* **Work instruction**: Write the lines below out exactly, dropping each picture.
==== Collected material ====
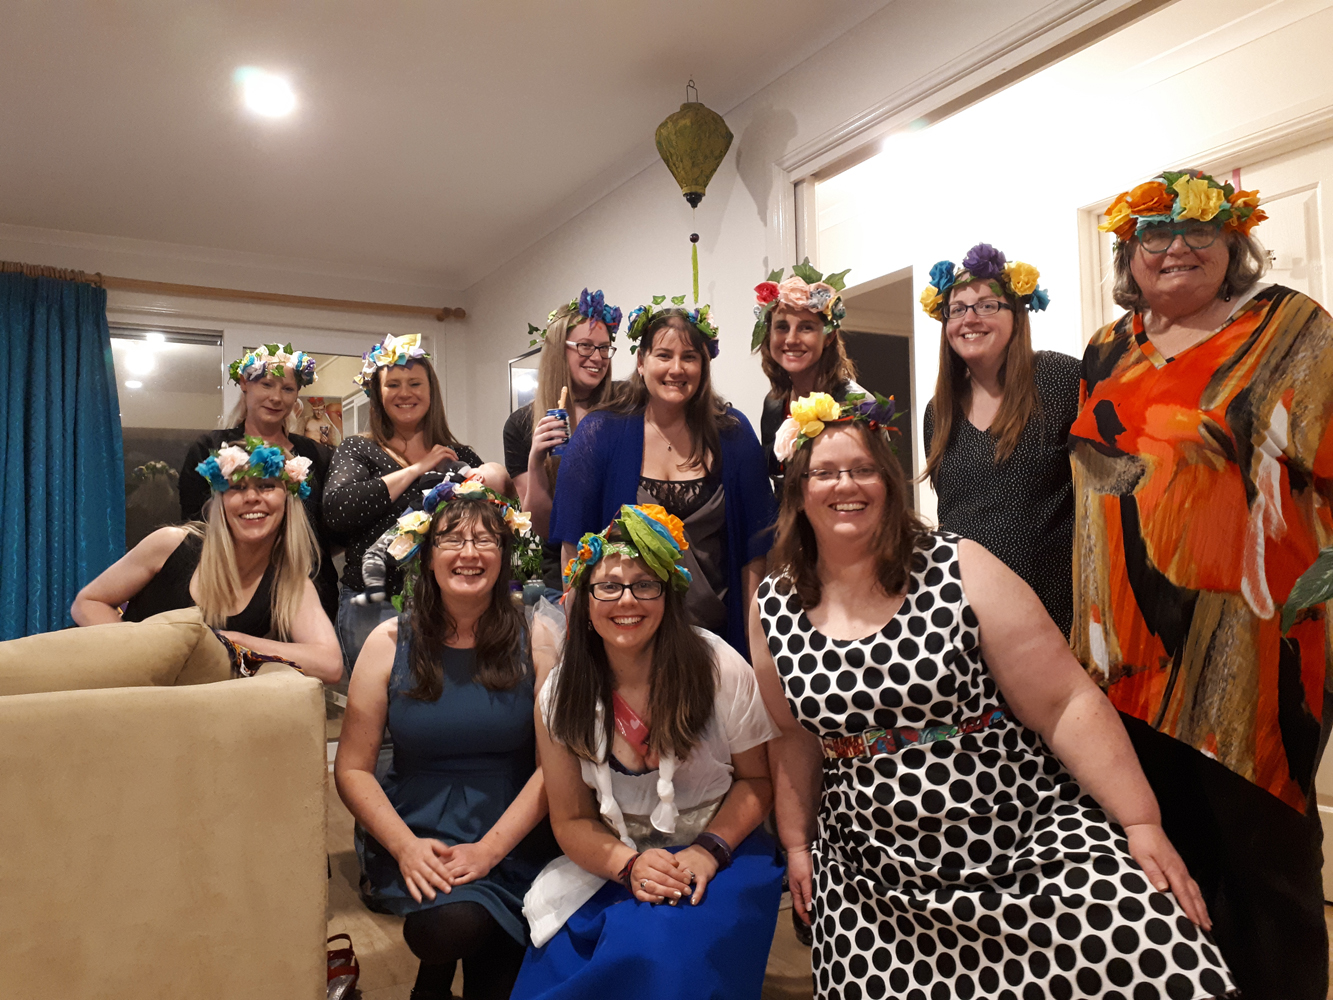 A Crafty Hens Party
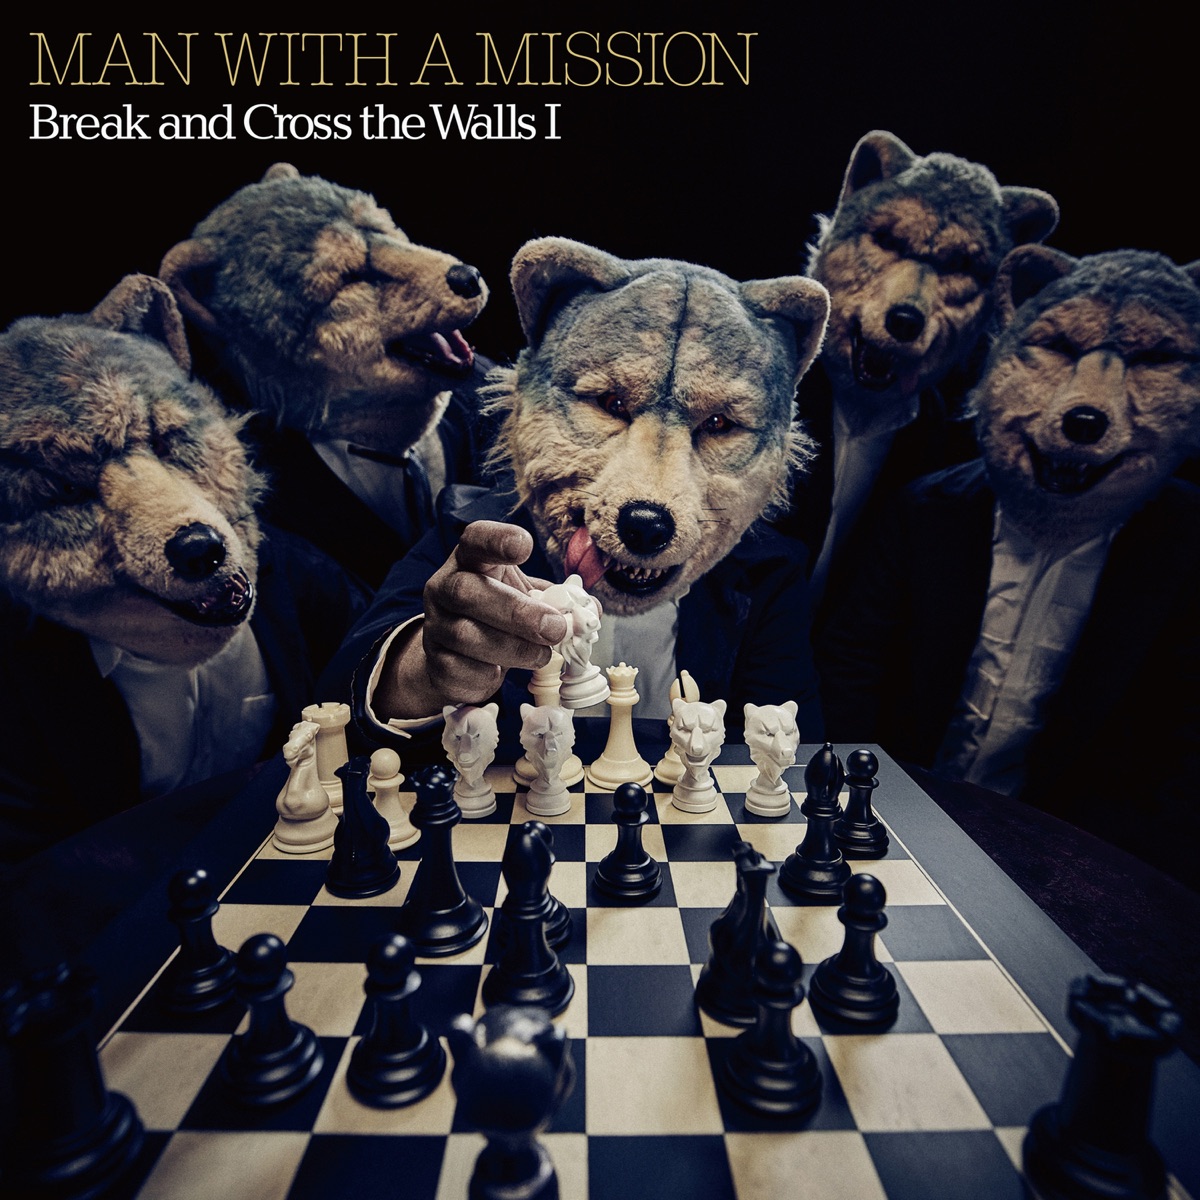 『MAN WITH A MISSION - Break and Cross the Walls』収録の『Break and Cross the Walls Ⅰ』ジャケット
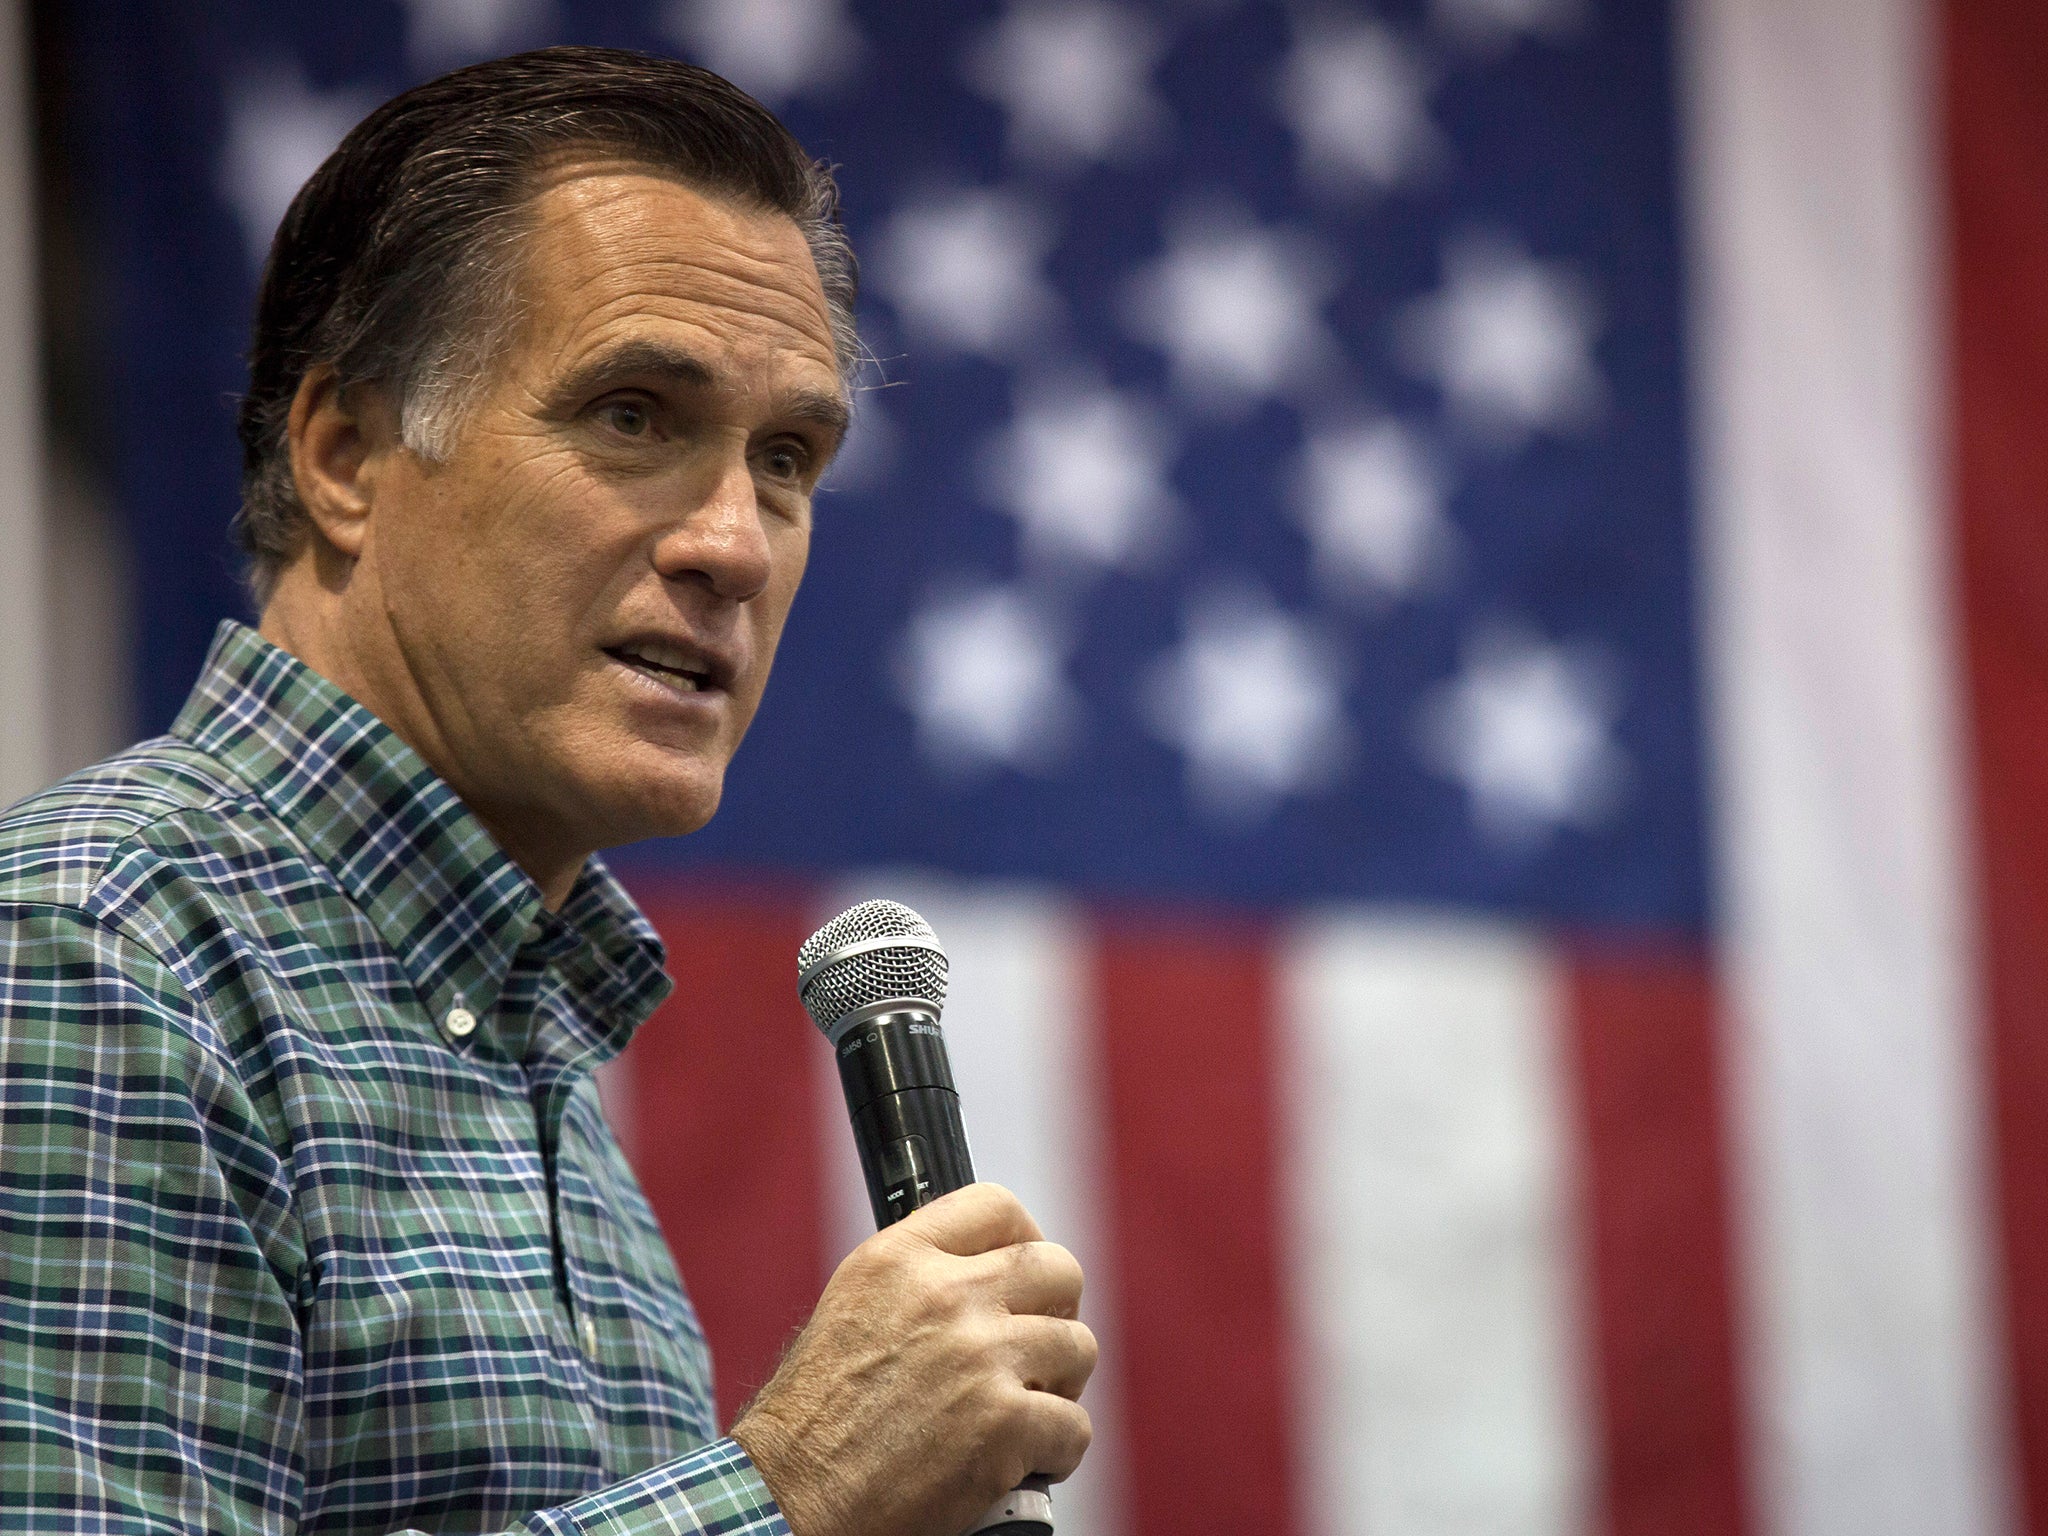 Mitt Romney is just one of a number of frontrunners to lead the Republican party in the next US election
====
* **Result**:
 A Crafty Hens Party
 『MAN WITH A MISSION - Break and Cross the Walls』収録の『Break and Cross the Walls Ⅰ』ジャケット
 Mitt Romney is just one of a number of frontrunners to lead the Republican party in the next US election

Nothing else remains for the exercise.